Saturday, March 28, 2009

Playing Tourist: The Newseum

There is a good thing about dreary, rainy days: it is a perfect excuse to go to a museum. In DC, we are spoiled with so many great, free museums that we might overlook the ones with an admission fee. Fortunately, Alex got free tickets to the Newseum, which usually costs $20 a person, through his job.

Overall, I would say that I was really impressed. The experience was sensory overload, but in a good way. Everywhere you walked there were video clips playing on multiple high definition screens of all sizes, radio broadcasts overtaking the airwaves, hundreds of vivid images lining the walls, and dozens interactive exhibits. At first it was a little overwhelming, but then you realize that you get your money's worth because you have enough really great exhibits to keep busy for hours, and even multiple trips back.

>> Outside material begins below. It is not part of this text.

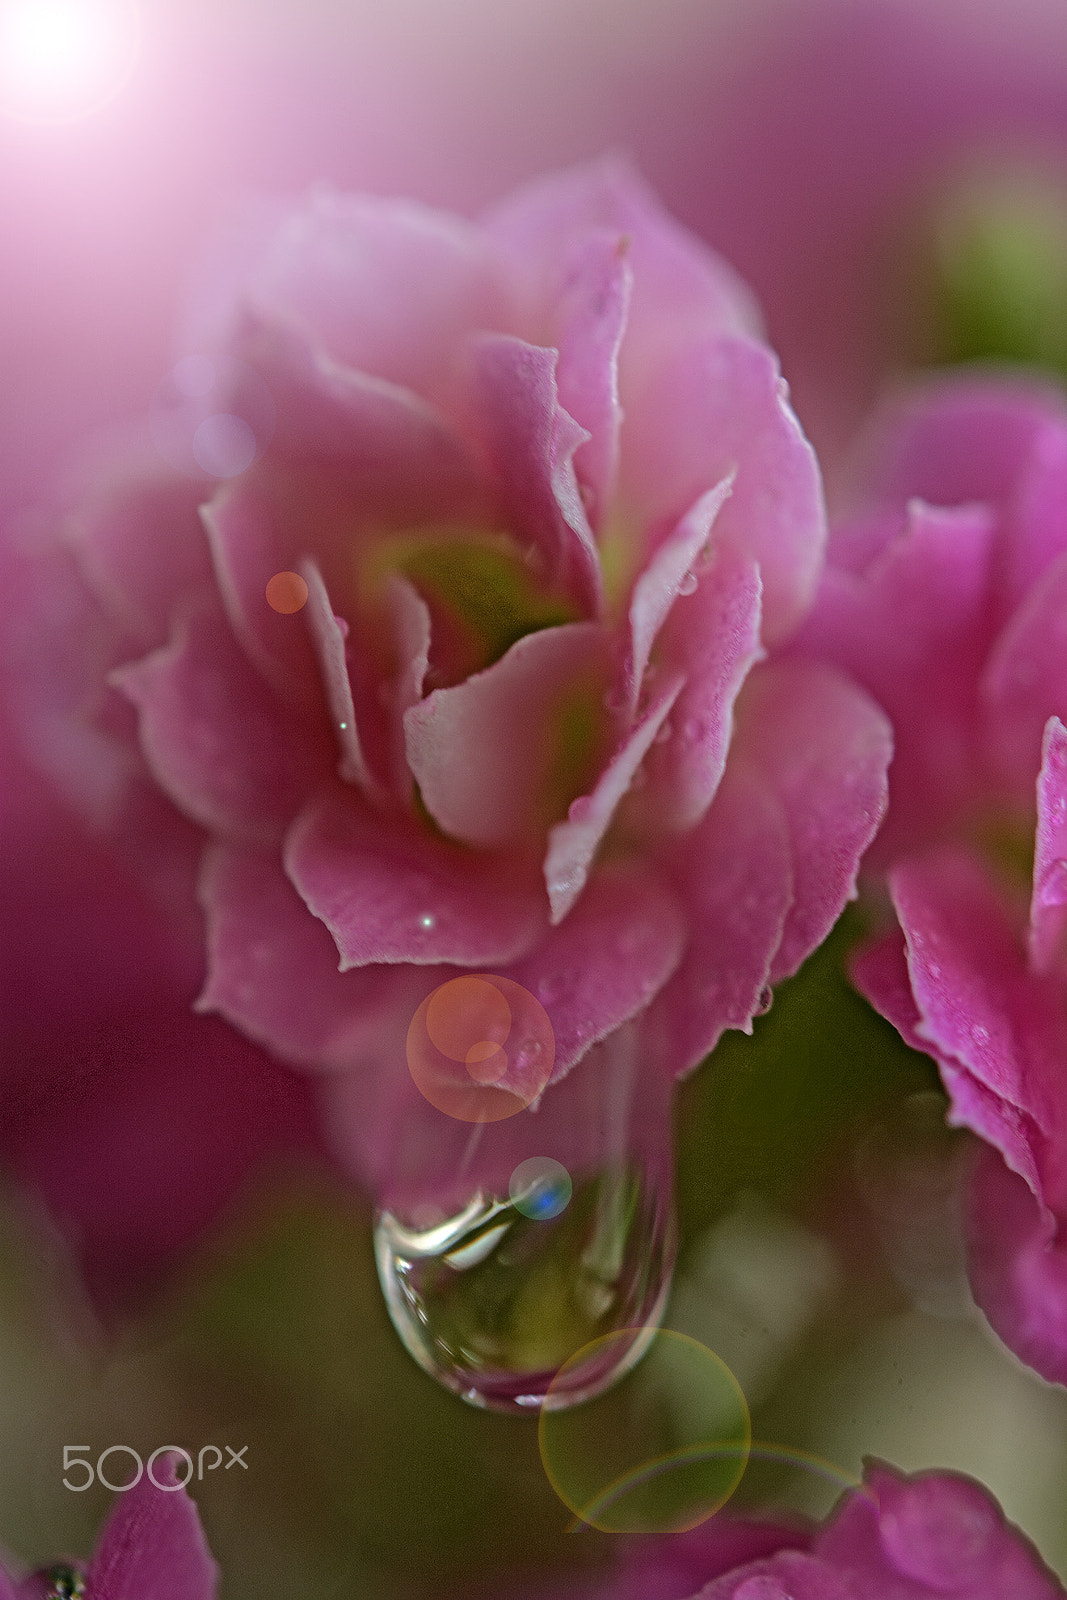 Nikon D7100 sample photo. Linda flor - beautiful flower photography

Among my favorite things at the Newseum were:
  • The 100-foot big screen showing a montage of the most important news clips during our lifetime. It is really incredible to realize what you have lived through in such a short time.
  • The 9-11 Gallery which included a movie describing how journalists reported that day. Even though I remember watching the news that day, the images on this video were very powerful and everyone watching teared up. I especially think being younger and removed on the West Coast did not allow me to fully comprehend the magnitude eight years ago.
  • The Pulitzer Prize Photograph Gallery, especially with images from the Vietnam War.
  • The Berlin Wall Gallery which included 8 sections of the Berlin Wall and an East German watchtower.
  • Everything related to the First Amendment.
  • The layout which was airy and spacious. The patio, which had a perfect view of the Capitol and Pennsylvania Avenue was really cool too.
. . . And there was so much more. As much as I can hate the news sometimes, the Newseum does remind you of what an important role it plays. One of the walls had a quote saying: Journalism is the first draft of history. So true.

So, if you have a full day, I highly recommend going it so that you can try to see as much as possible. I spent three hours there, and I would go back.